The base joint_model fits a closed-out outbreak with complete observation. In real time, three biases need correcting:

  1. Long-incubation cases infected before the cut-off may not yet have developed symptoms — observed incubation periods are enriched for short delays.

  2. Late transmissions from any source may not yet have happened or have not yet been linked — observed transmission timings (δ) are enriched for early / pre-symptomatic events.

  3. Recent source cases have not had time to seed all their offspring — the observed offspring count is a downward-biased estimate of R(t) near the cut-off.

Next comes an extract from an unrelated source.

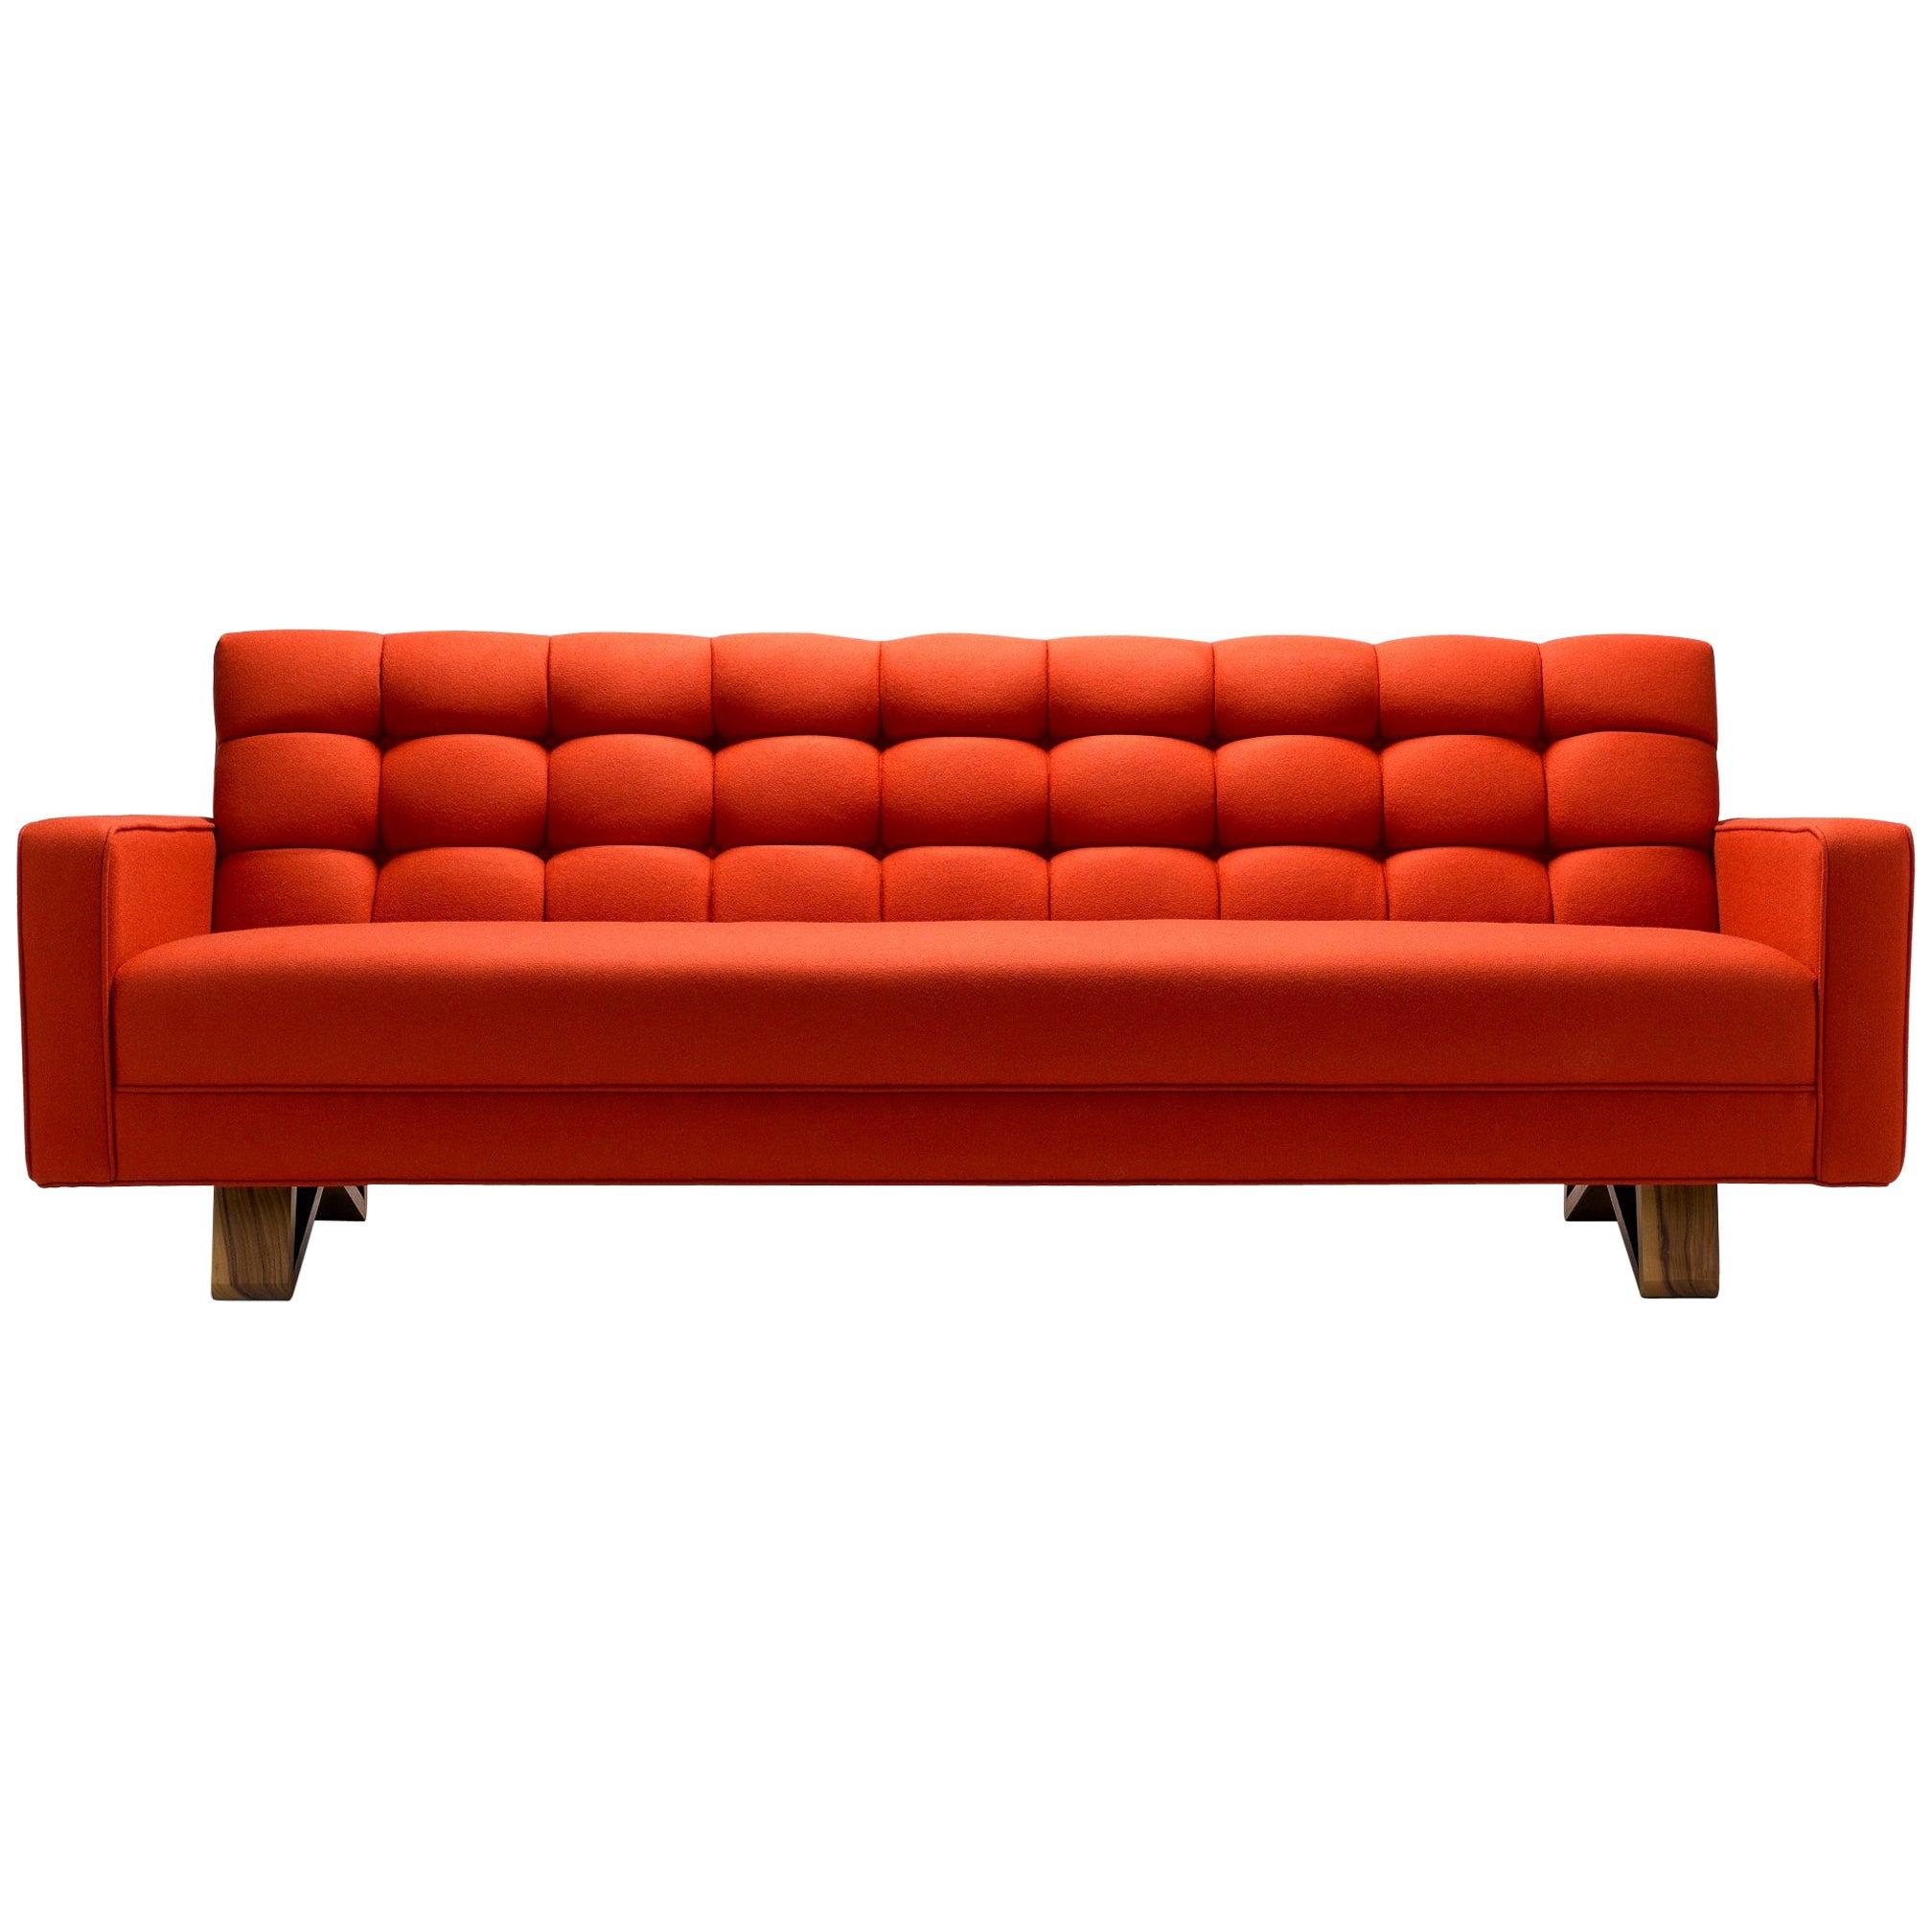 Contemporary Adoni Sofa in Moon Melton Wool with Legs in Walnut or Oak

The real-time machinery in joint_model corrects for these via per-case right-truncation on Inc and δ and an offspring-completeness adjustment on the NB offspring count, expressed as the cdf of the ConvolvedDelays distribution δ + Inc(sec). The adjustment is the probability that an offspring's chain has completed by the cut-off, conditional on the source's onset time. The argument is obs_time − T_onset[src], not obs_time − T_inf[src] — the source's own incubation is a sampled latent already scored, so the offspring delay reduces to δ + Inc(sec). This page validates the corrections by fitting the same outbreak at four real-time cut-offs and overlaying the resulting R(t) posteriors and population marginals against a counterfactual retrospective and the full closed-out fit. It also runs a delays-only diagnostic at each cut-off — fitting just the incubation and δ submodels — so that if the full joint fit collapses, we can tell whether the pathology lives in the delay submodels or in the R(t) / case_model half of the likelihood.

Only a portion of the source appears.